Tears flowed Thursday as Cindy Hendrickson thanked one of four geocachers for saving her life.

“Thank you so much,” she said as she began to cry, sitting in her bed at Kadlec Regional Medical Center in Richland.

“I’m just grateful you’re alive,” replied high school math and science teacher Tim Turner, speaking by cellphone from Lakeside High School in Idaho.

A joke changed the tears to happiness — “You weren’t exactly at your best when we first met,” Turner quipped.

Hendrickson, 52, spent 14 hours trapped in the back seat of her car overnight after rolling down a 150-foot embankment on Oct. 29. She fractured two neck and five spinal vertebrae, as well as two ribs.

She doesn’t remember much after the 2008 Ford Escape left McBee Road, south of Benton City and Interstate 82.

Turner and his friends Trevor Bland, Derek Fisher and Leland Smith were on a geocaching trip when they spotted the Escape the next day around 11 a.m.

The debris around the vehicle led them to investigate. Hendrickson was in the back seat when they found her.

“The first thing I remember is a guy sticking his head in the window and asking, ‘What are you doing in the back seat?’” Hendrickson said.

They called 911 and talked to her until emergency services arrived about 10 minutes later.

“If you hadn’t shown up when you did, in two hours I would have been dead,” Hendrickson told Turner on Thursday.

“I am very thankful to have found you,” he replied.

Cindy and her husband, Anthony, offered to drive to Spokane and buy the geocachers dinner to show their appreciation. Their daughters, Tiffany and Ashley, nodded their agreement. Turner gave her his phone number so they can arrange the meeting.

Cindy said her healing is a slow process, made easier by being surrounded by family.

“She’s made amazing improvements,” Ashley said.

I am very thankful to have found you.

Tim Turner

geocacher

The family does not know how Cindy rolled her car off McBee Road, but suspect it was a combination of fog, a soft road edge and another vehicle going the other way.

“I don’t really remember much, but I remember a car coming, and I tried to get out of the way,” Cindy Hendrickson said. “The back tire went off the road, then the rest went.”

She was driving up the Horse Heaven Hills toward property her family once owned, bringing a new telescope with her to see the stars. She enjoys staring at the stars and enjoys the vastness of space, but the fog was too thick, and she turned around to drive home.

“As long as I was a kid, she was always looking at the stars,” Ashley said.

The telescope is missing. Anthony thinks it is at the crash site.

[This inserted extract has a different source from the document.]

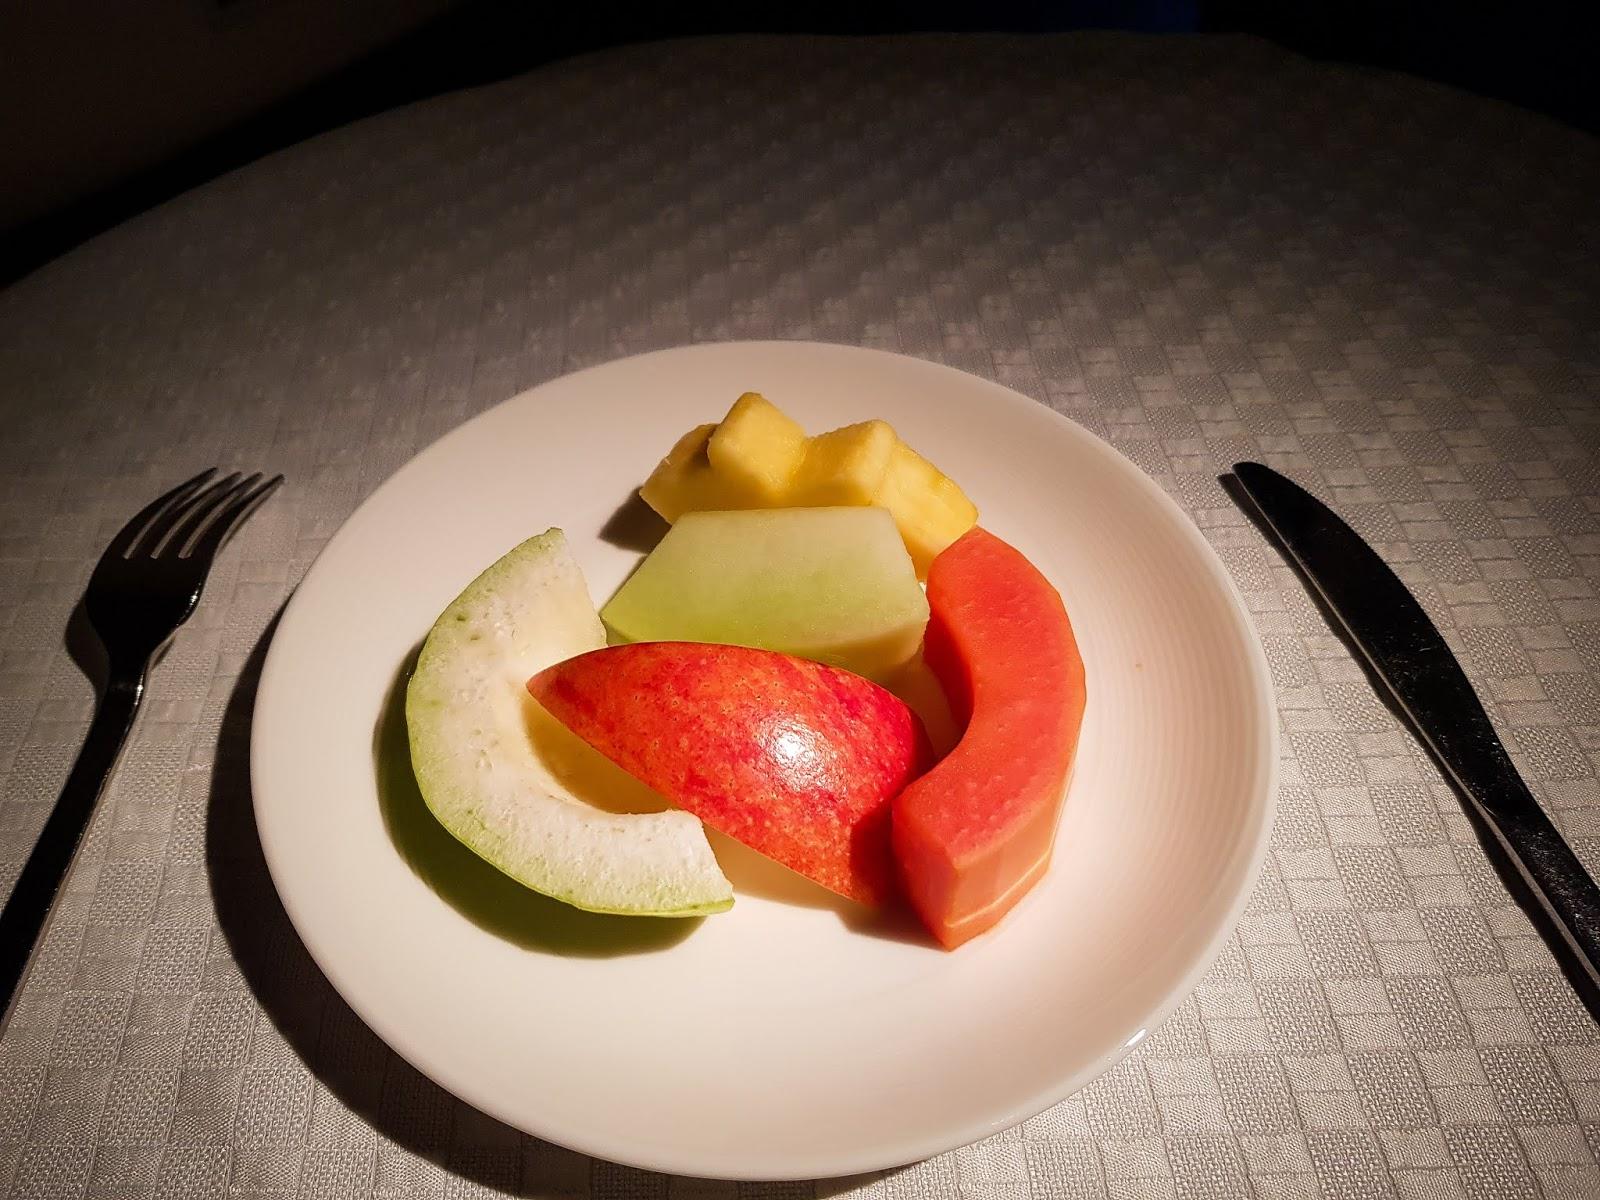 長榮航空 77W 商務艙 BR87 桃園→巴黎 TPE-CDG 早餐飯後水果

“I didn’t see a telescope. The glass can’t be any good,” Turner said via cellphone.

I’m so lucky to be alive right now.

Cindy Hendrickson

The car rolled down the hill with enough force to leave imprints of the roof rack in the ground. Turner remembers seeing CDs and broken glass around the wreck.

“Your first question to me was, ‘Is it totaled?’” Turner said.

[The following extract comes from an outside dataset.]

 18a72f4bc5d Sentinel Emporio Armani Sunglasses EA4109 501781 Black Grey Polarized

Cindy is on medical leave from her job as a financial services specialist for the state Department of Social and Health Services. She has worked for the state for 18 years.

While insurance is covering most medical expenses, the flight in a helicopter from the crash site to Kadlec was not, according to Anthony. The family created a GoFundMe page for donations to help with expenses and her rehabilitation.

Cindy appreciates the help everyone has given her since the crash, from the geocachers to the people taking care of her at Kadlec, she said.

“I’m so lucky to be alive right now,” she said. “I do want to thank everyone.”